IMF for France: High uncertainty, fiscal consolidation measures are required

Its financial situation is being alarmed by the IMF. In a report by the IMF, although it predicts that France’s growth is projected to converge to its potential rate of 1.3% this year from 1.1% in 2023, it notes that prospects are still subject to high uncertainties. Political fragmentation and uncertainty at home, particularly after the outcome of the election that the New People’s Front first demonstrated and without a government formation, could delay fiscal consolidation and reform efforts, burdening trust and public finances. As regards abroad, downward risks continue, including the escalation of geopolitical tensions and a sharp global slowdown on key trading partners, which could also significantly affect prospects. On the contrary, as the IMF points out, the fastest reform dynamics in France and at EU level could mitigate these risks. It is noted that the French economy remained resistant to recent shocks and achieved a gradual recovery, however, tackling the crisis and slowing down the expected growth have burdened public finances, reducing the fiscal space in a period of increasing investment needs for green and digital transition. In this context, it is proposed to shift focus towards rebuilding budgetary stocks and achieving a sustainable modernisation of the economy, with a well-defined and reliable plan of measures to support fiscal consolidation plans.
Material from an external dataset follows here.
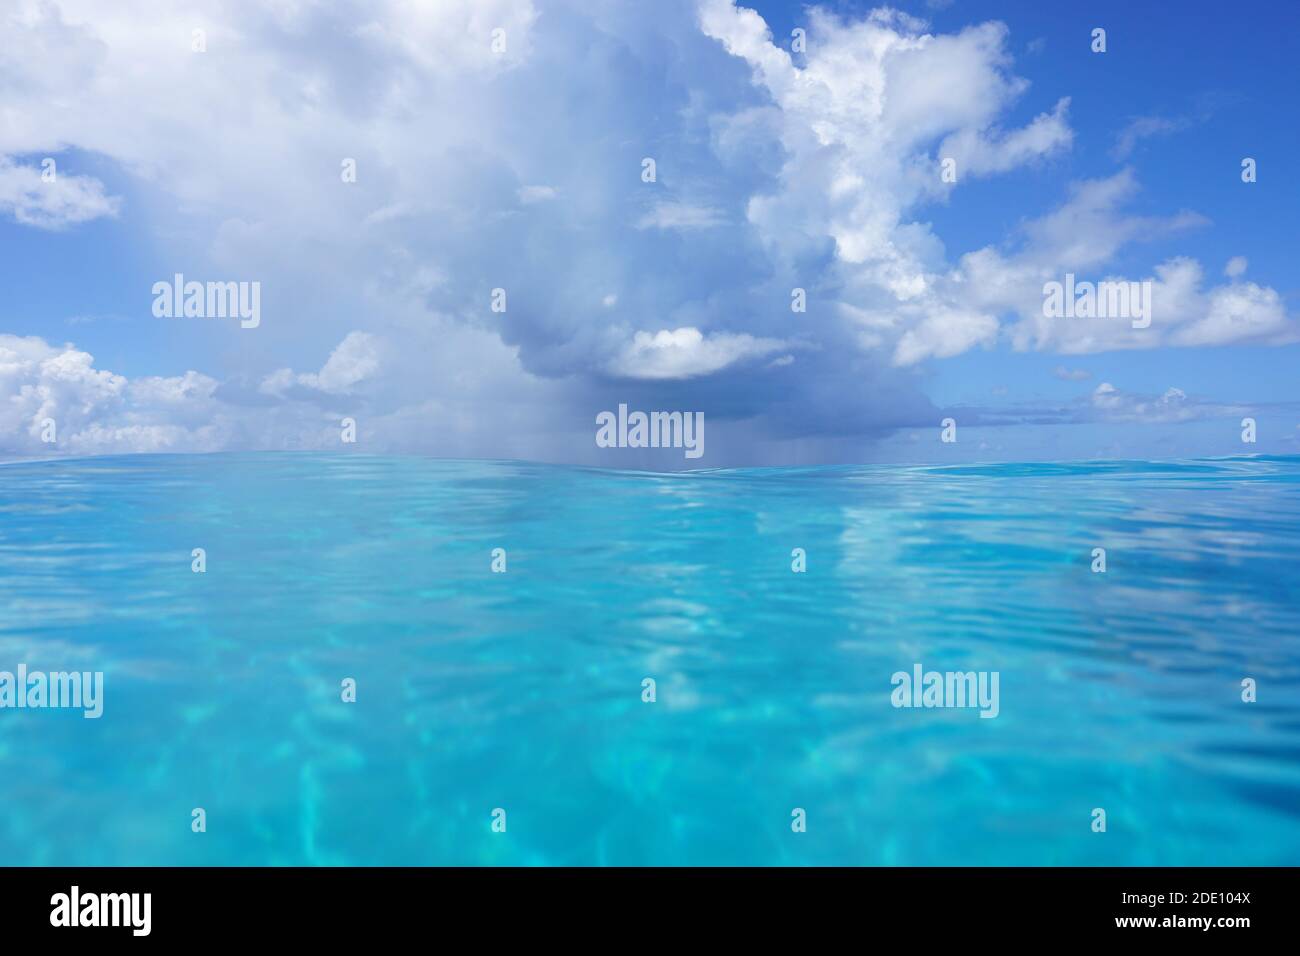 Sfondo marino, cielo blu con nuvole sull'oceano, vista dalla superficie dell'acqua, scena naturale, oceano Pacifico meridionale Foto Stock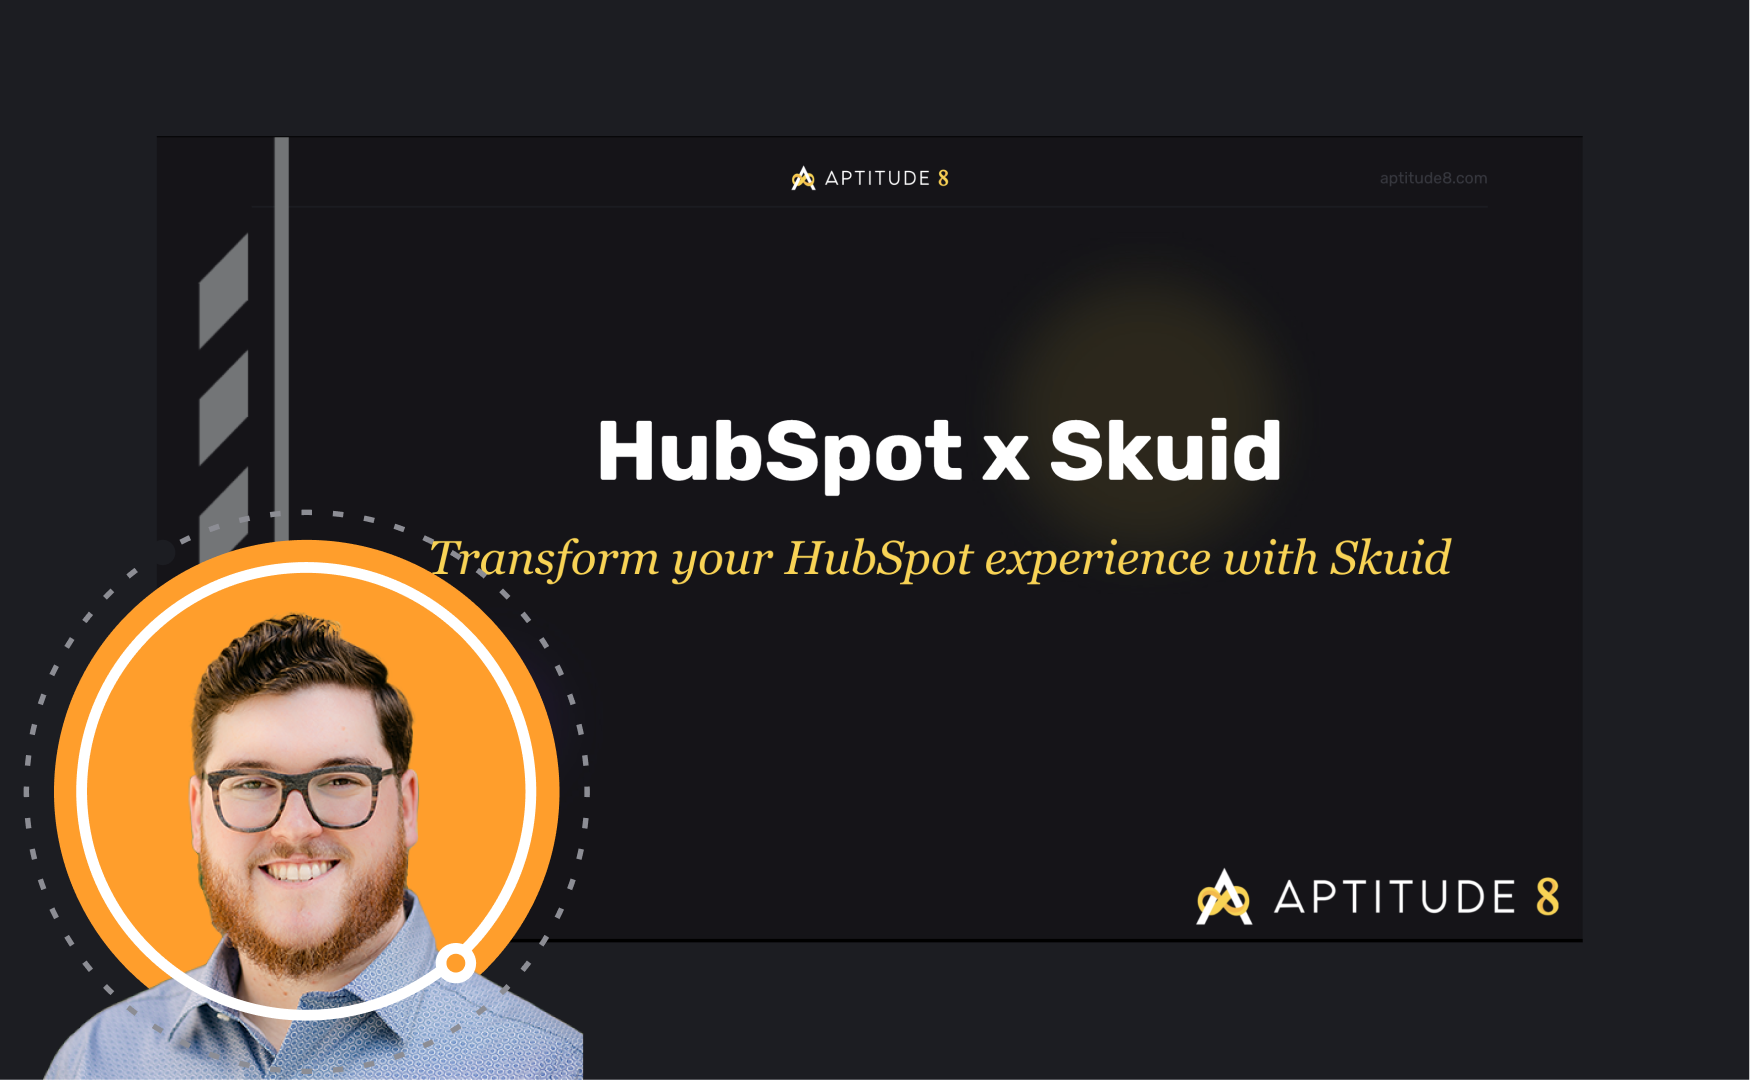 HubSpot x Skuid: Transform your HubSpot experience with Skuid

The IMF underlines the need for substantial additional efforts to reduce the deficit below 3% of GDP by 2027 and to put debt firmly on a declining path. It complements that the adaptation will contribute to enhancing France’s resilience to shocks by noting how the future development of public finances remains exposed to an increase in state spreads or a decrease in growth. The Fund therefore proposes that fiscal consolidation should focus on rationalising current expenditure while maintaining room for development-friendly investment.